- Prompt
Would you please return the data below verbatim, without its pictures?

- Available data
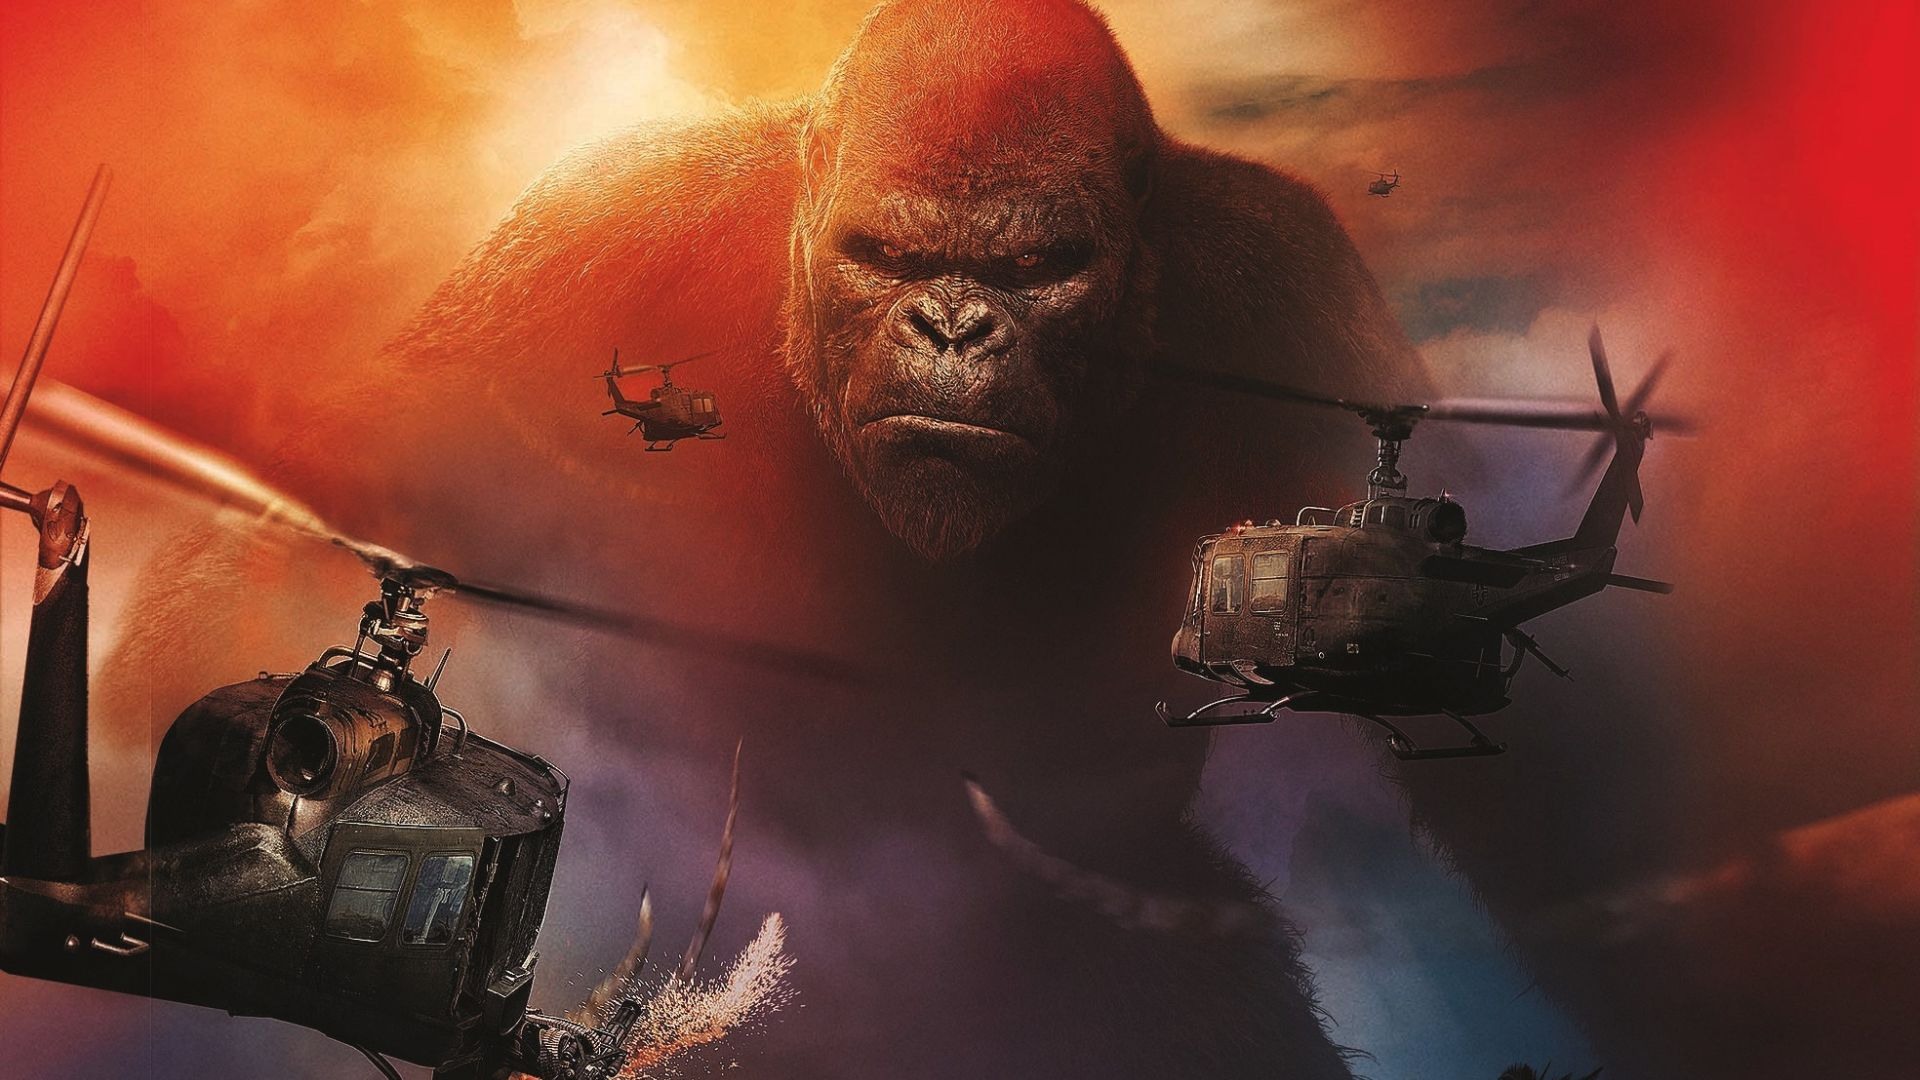 Desktop Wallpaper Kong Skull Island 2017 Movie Monkey
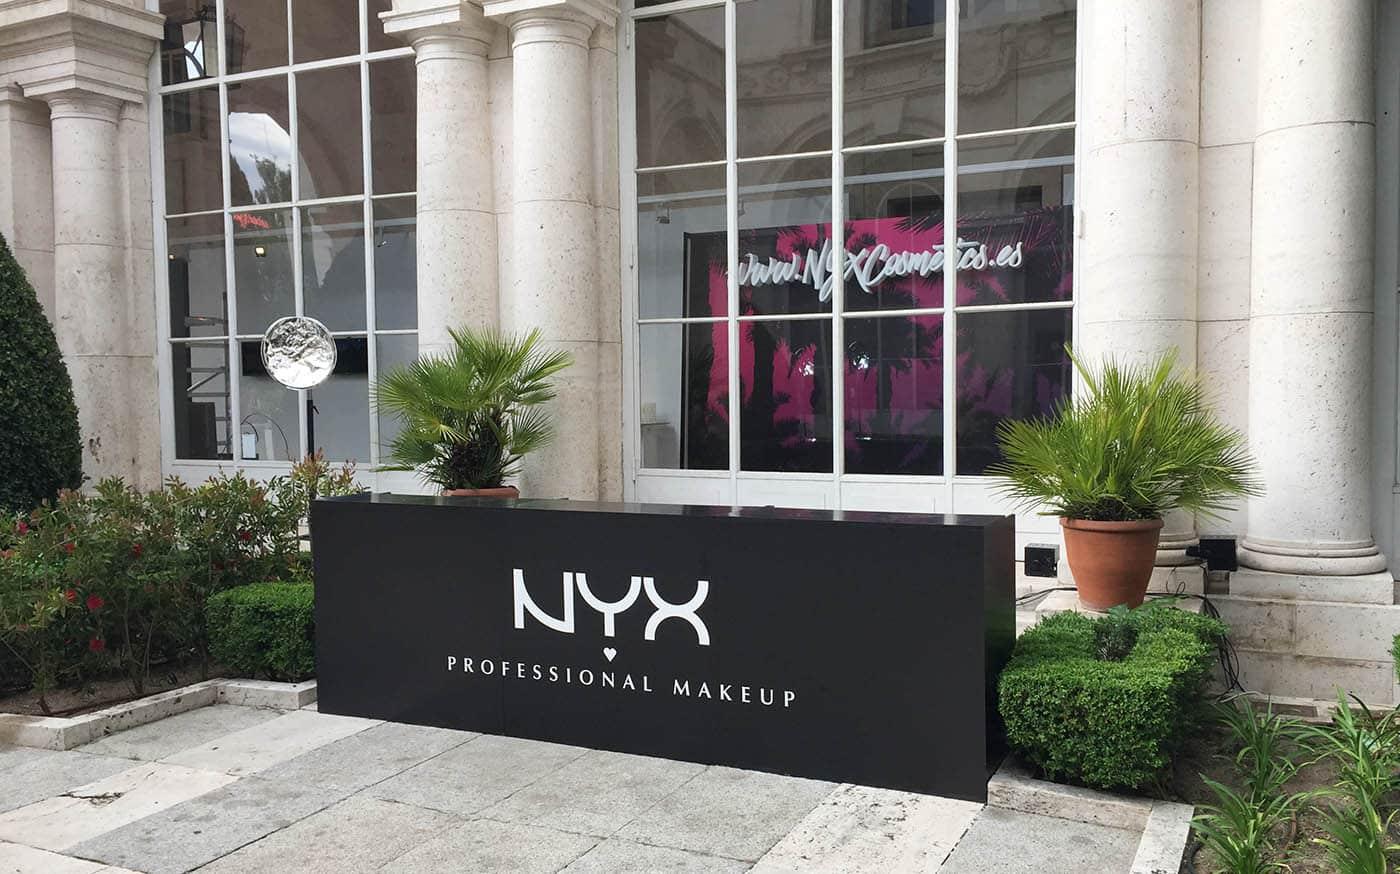 instore-clientes-NYX-muebles-de-madera-con-vinilo-de-corte-para-evento
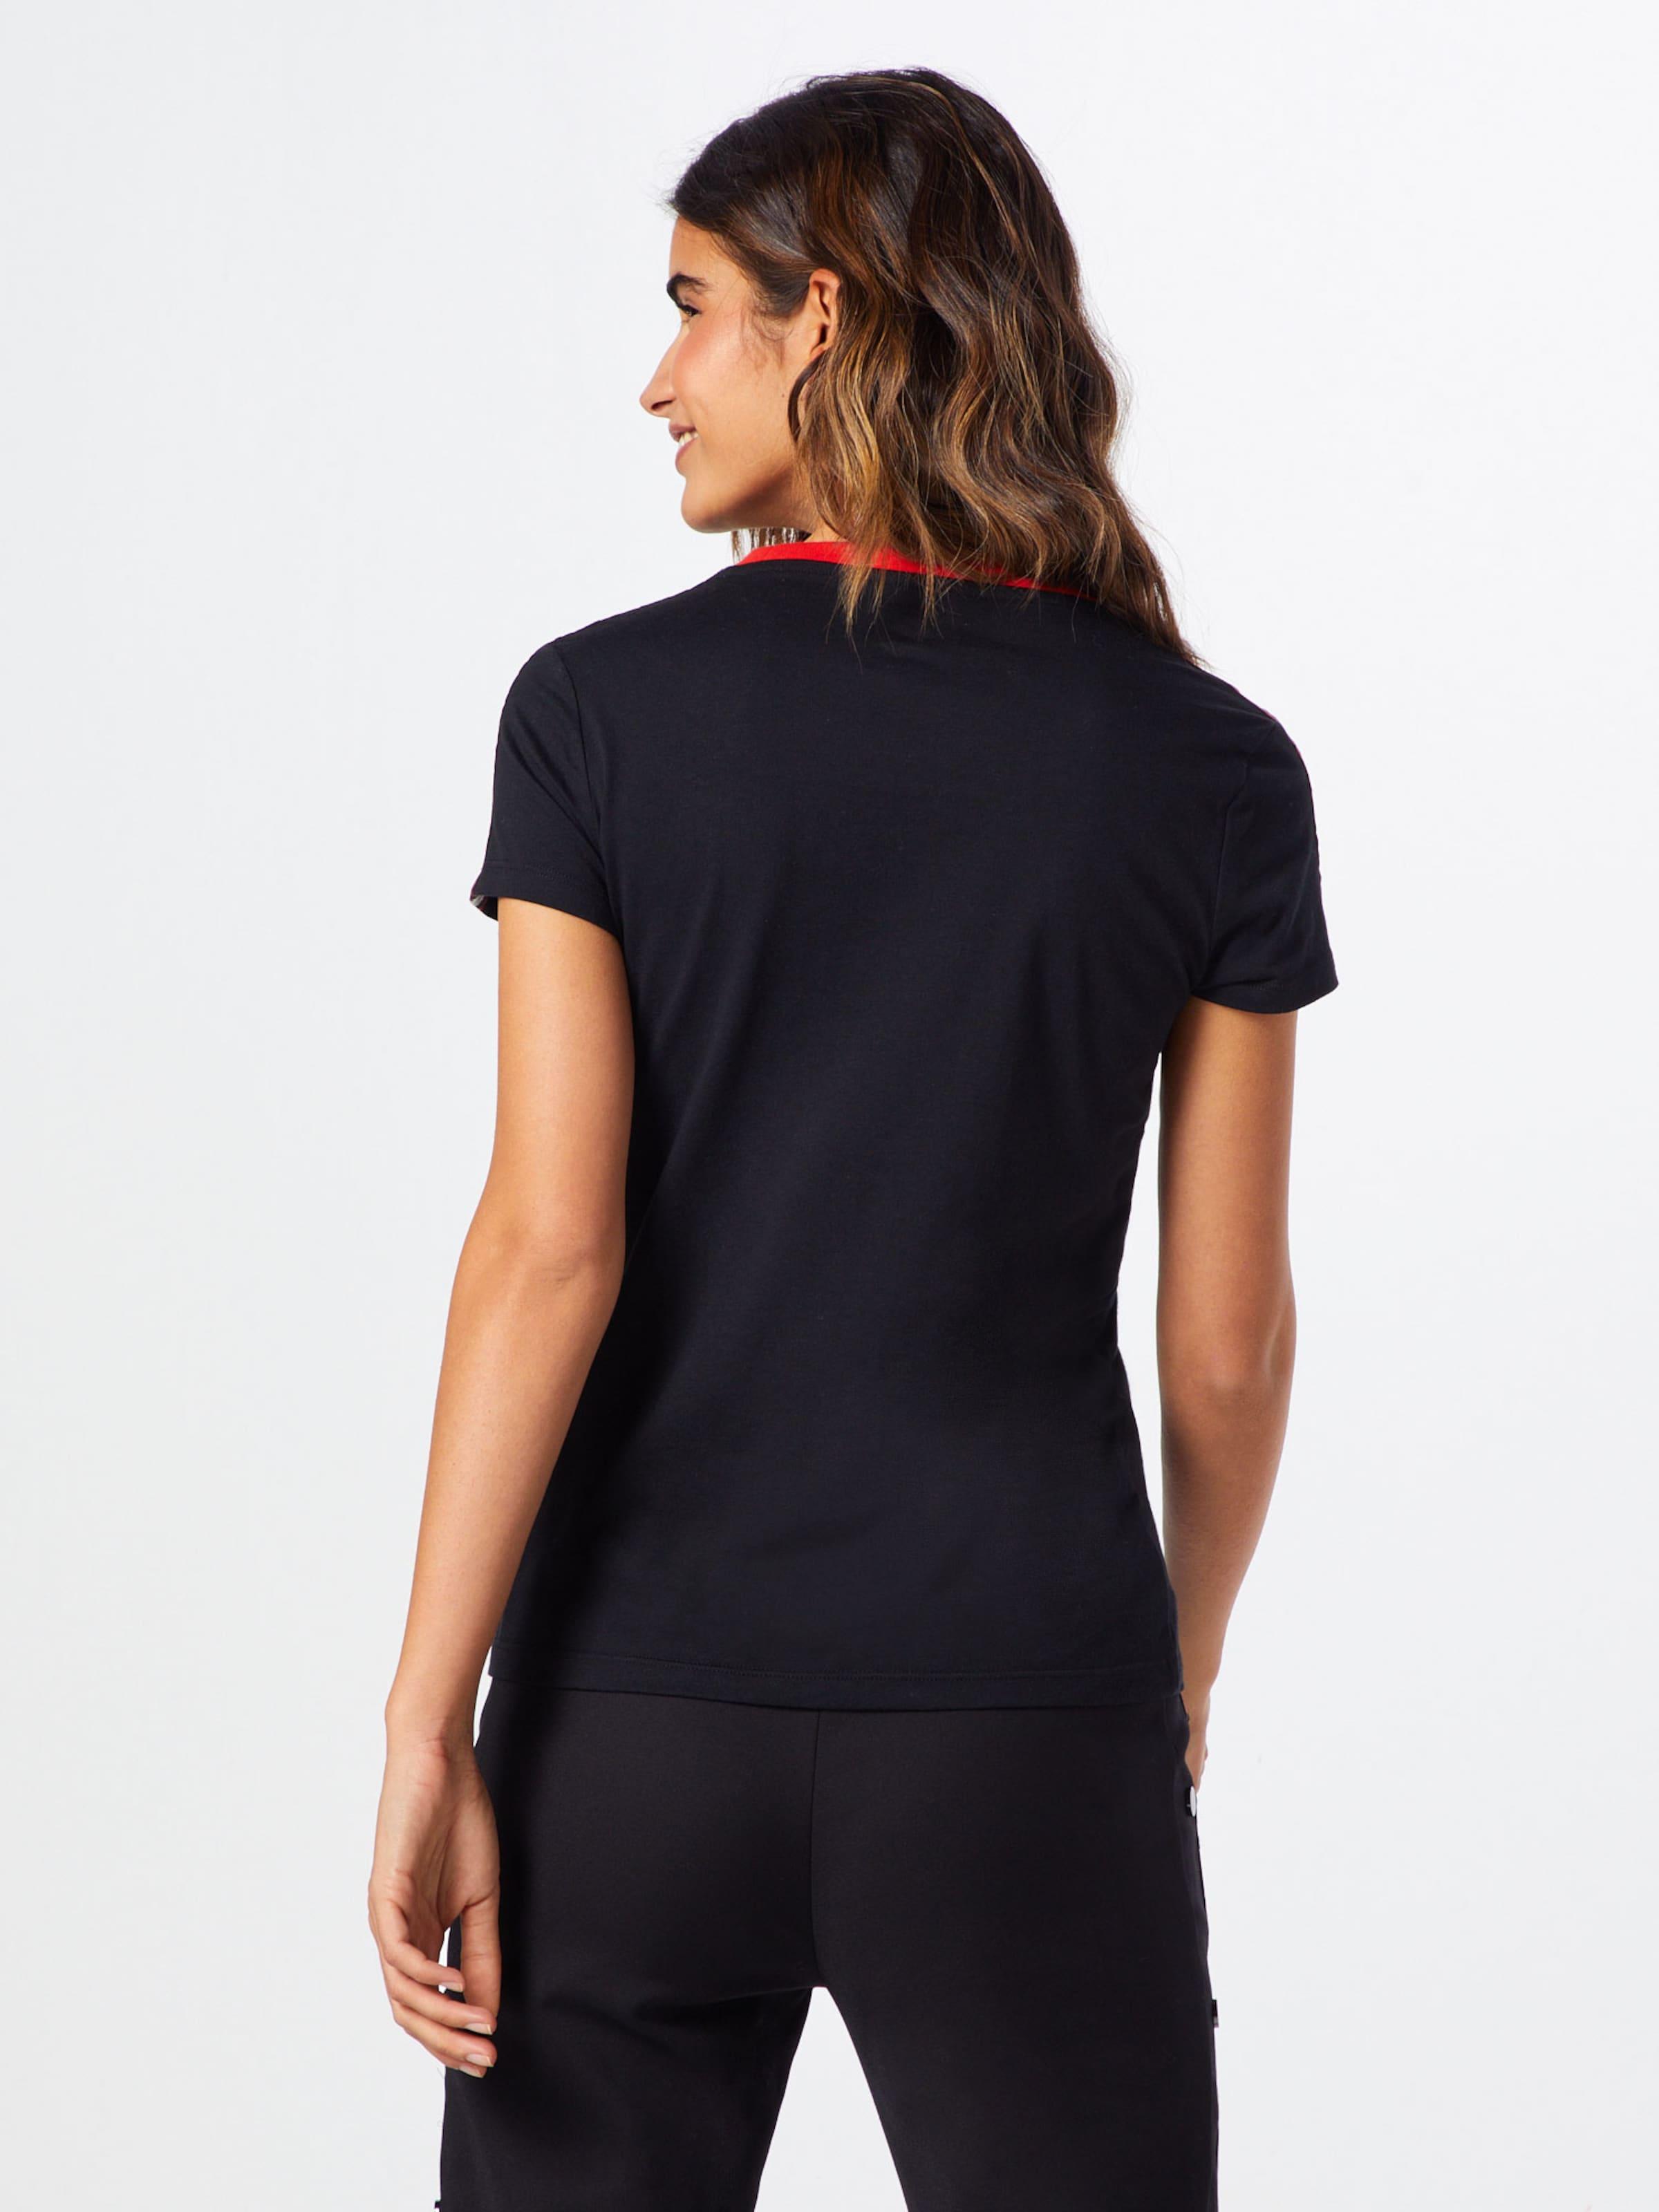 shirt X En Black' Hello Tee Ringer Converse s S T 'converse Kitty RougeNoir PikXZu
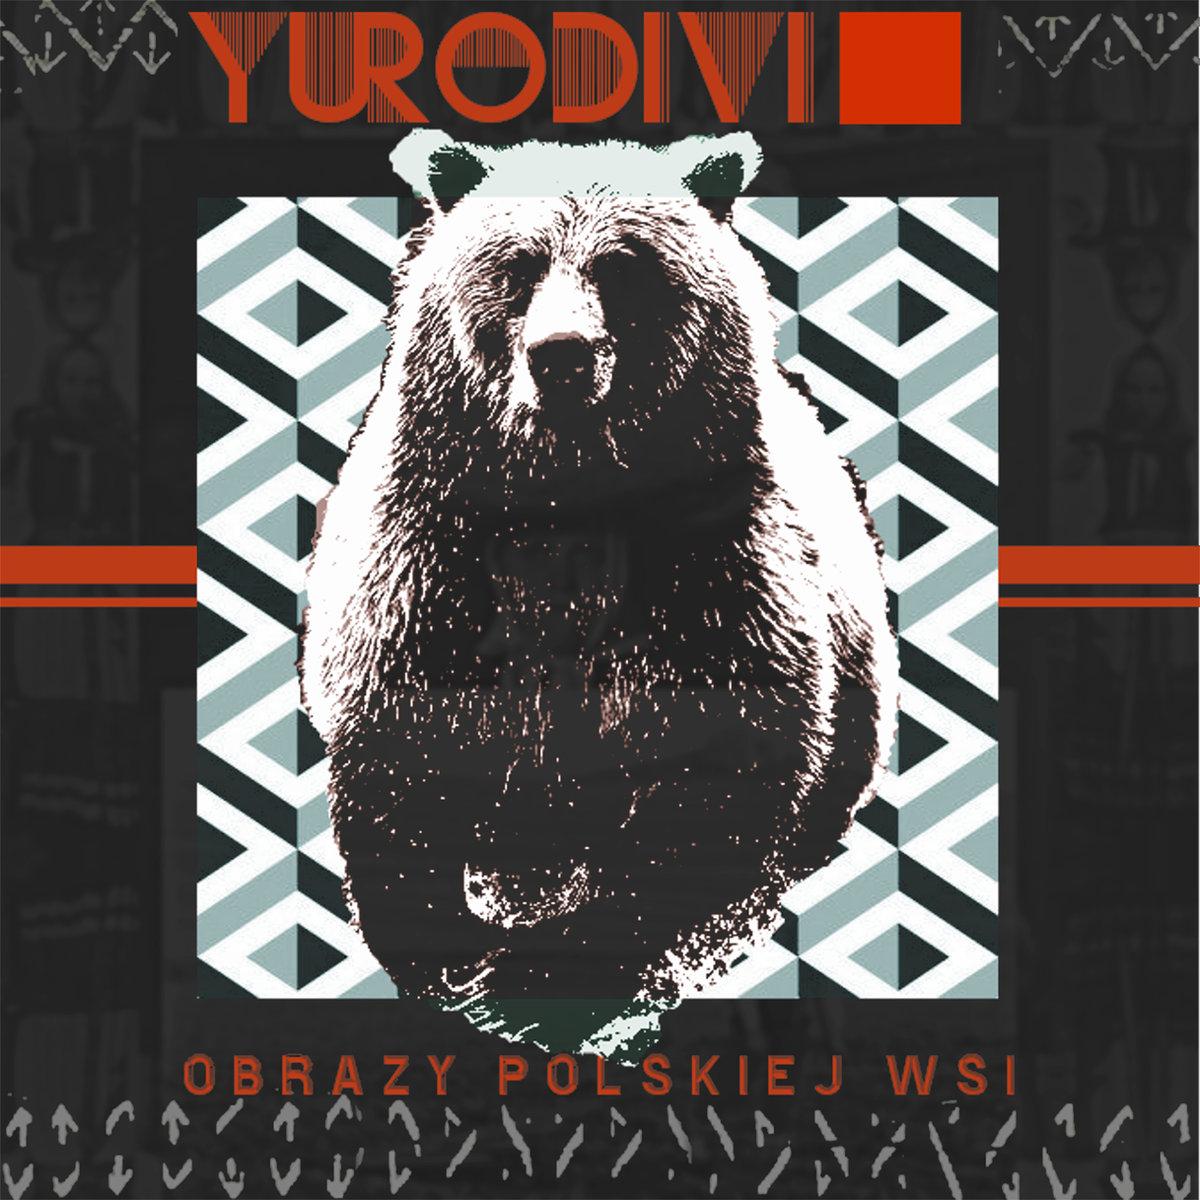 Yurodivi-Obrazy-polskiej-wsi

- Result below
 Desktop Wallpaper Kong Skull Island 2017 Movie Monkey
 instore-clientes-NYX-muebles-de-madera-con-vinilo-de-corte-para-evento
 shirt X En Black' Hello Tee Ringer Converse s S T 'converse Kitty RougeNoir PikXZu
 Yurodivi-Obrazy-polskiej-wsi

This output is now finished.